About The Pocahontas Times
The Pocahontas Times began in 1883 in Huntersville, then the county seat. Ownership changed hands twice before W.T. Price bought the publication in 1892 and moved its operations to Marlinton, where excitement about the railroad coming up the Greenbrier River was mounting and work on the new county courthouse had begun. A special election moved the county seat to Marlinton in 1891.
Rev. Price invested in the enterprise so that he could educate his children. He accomplished that, having three doctors and one attorney from his brood. Dr. Norman and Dr. Jim Price practiced medicine in the Marlinton area, made house calls and delivered many children. Dr. Susan Price was one of the first female physicians in the Alleghenies, eventually practicing medicine in Williamsburg, Virginia. Andrew Price, the attorney, was also Marlinton’s mayor and had a great hand in developing the first volunteer fire department.
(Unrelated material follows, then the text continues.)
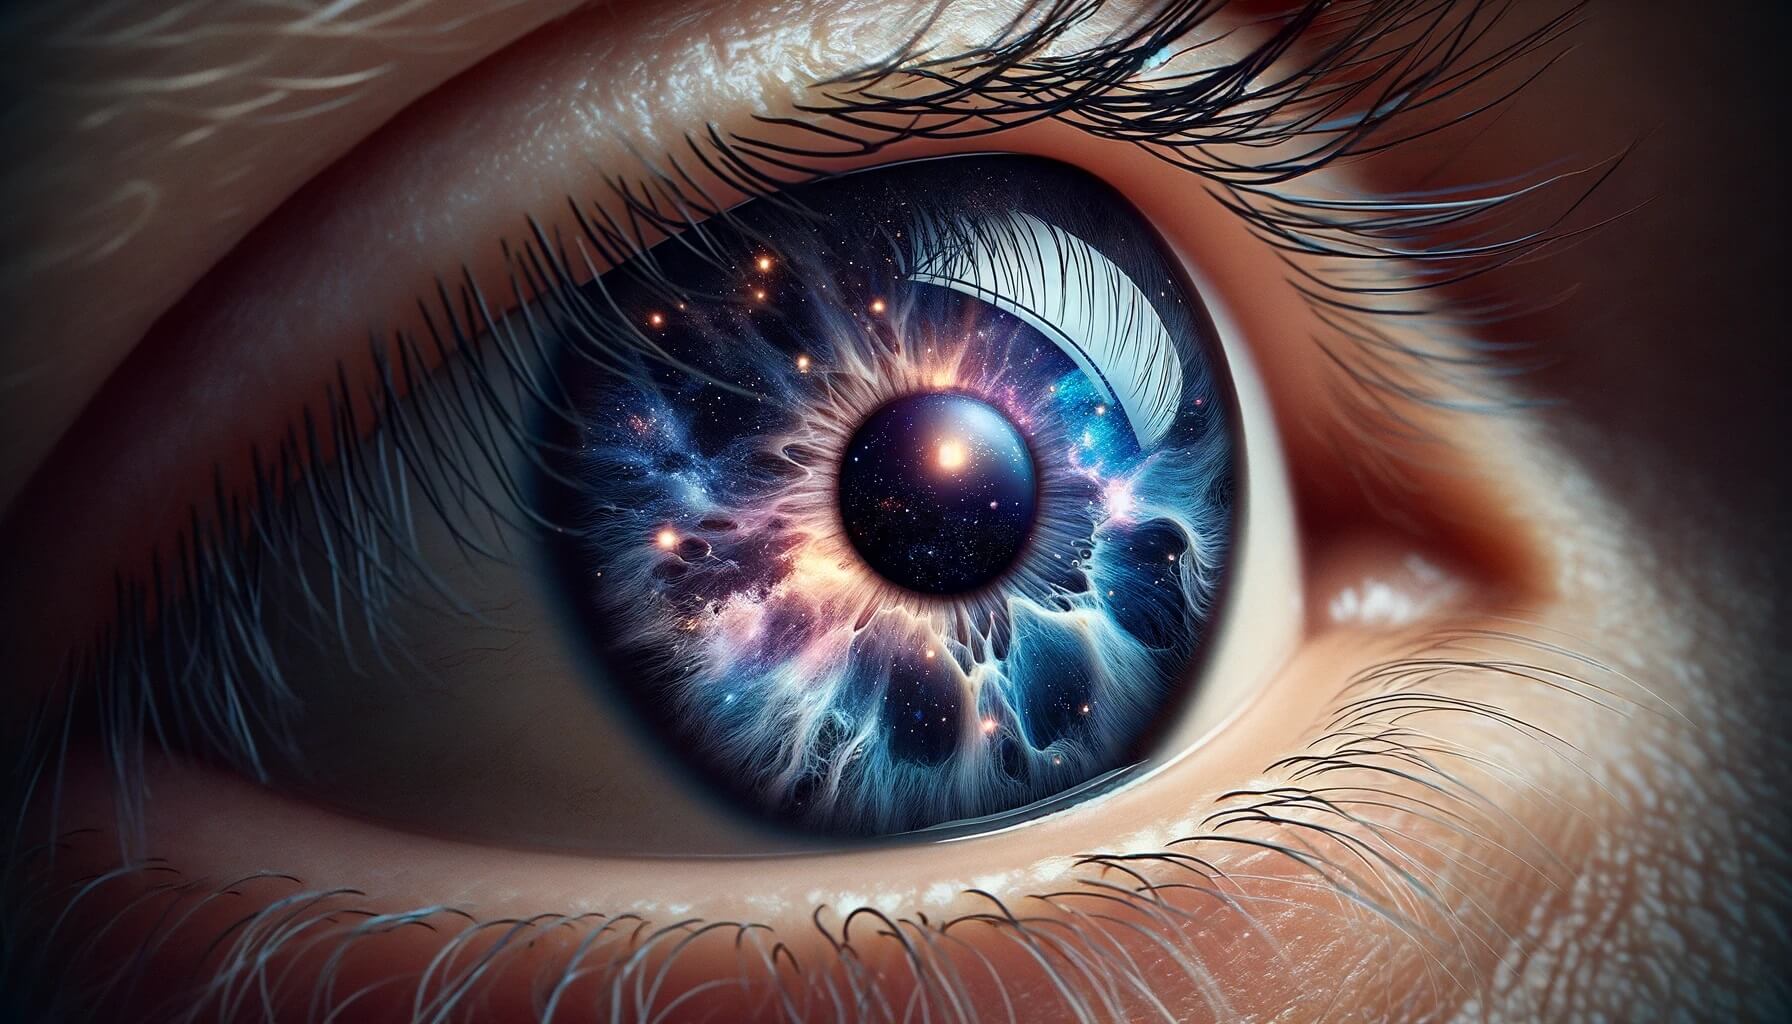 Редкое заболевание делает глаза человека «красивыми как космос». Астероидный гиалоз — болезнь, при которой глаза обретают «космический» вид. Фото.

But it was the youngest son, Calvin, who would take over the helm of the newspaper in 1906 and bring national attention to the small rural publication. Cal Price, dubbed “the Sage of Pocahontas,” traveled by train to New York City where he debated the editor of The New York Journal American, announcing that he knew all of his subscribers by name, while the big city editor did not. He was devoted to his county and was among the leaders of the conservation movement that would bring about the birth of the West Virginia Conservation Commission. He was one of the first board members of the National Wildlife Federation.
His interest in his craft branched out from his own newspaper and he was heavily involved with the West Virginia Newspaper Council, now the West Virginia Press Association. The P.I. Reed School of Journalism at West Virginia University began while Cal Price was president of the newspaper council. It was his mission to educate the next generation of journalists to carry on the fourth estate in West Virginia.
When he died in 1957, his daughter, Jane, took over The Pocahontas Times and vowed to “keep going as long as she could.”
Jane Price Sharp, a widow with three children, married herself to the newspaper and made it her lifelong endeavor. Her husband, Basil, was killed at the Battle of the Bulge. They had three children, Basil, Jane and John, all of whom got a childhood job catching newspapers at the press.
Jane was the second female president of the West Virginia Press Association and made many trips to Washington, D.C., with the National Newspaper Association in the 1960s. Warned by West Virginia Hillbilly editor Jim Comstock that a woman couldn’t run a newspaper, she was roundly acclaimed by her peers in both associations and kept the newspaper going and growing as long as she was editor. Her political savvy was widely known, as well, and many a candidate dropped by The Pocahontas Times office for advice on how to run a campaign.
She handed over the reins to her nephew, William Price McNeel, in the 1980s. With his eye on the newspaper’s history, he maintained the paper’s traditional look and covered county government in depth. The author of two books, The Durbin Route and The Greenbrier River Trail, Bill McNeel is now retired and spends his winter months in warmer climes. He returns to Pocahontas County each spring to help maintain and operate the Pocahontas Historical Museum in Marlinton.
Much of the paper's current style and look was instituded by Pamela Pritt, who began at the newspaper in 1992 as an intern. She returned in 1993 to cover the three-week long Rainbow Murder Trial and became a full-time reporter in January 1995. When managing editor Russell Jessee, Jane’s grandson, decided to leave Pocahontas County to attend law school at his great-great-grandfather’s alma mater, Washington and Lee University, Pritt became a one-third owner in the county’s only newspaper. Since 1995, the newspaper has increased its scope to offer a monthly tourism supplement, Mountain Times, and several special sections throughout the year. The reporting staff has grown to cover more issues and events in greater depth, and the business has moved to Main Street to accomodate the expansion.
After two decades with The Pocahontas Times, at the end of 2012, Pritt stepped down as the paper's editor.
Today, Mountain Media, LLC, is the majority owner of The Pocahontas Times. The Editor is Jaynell Graham.
The Pocahontas Times website, www.pocahontastimes.com, is a fully interactive site that invites readers to participate in their community newspaper via the Internet.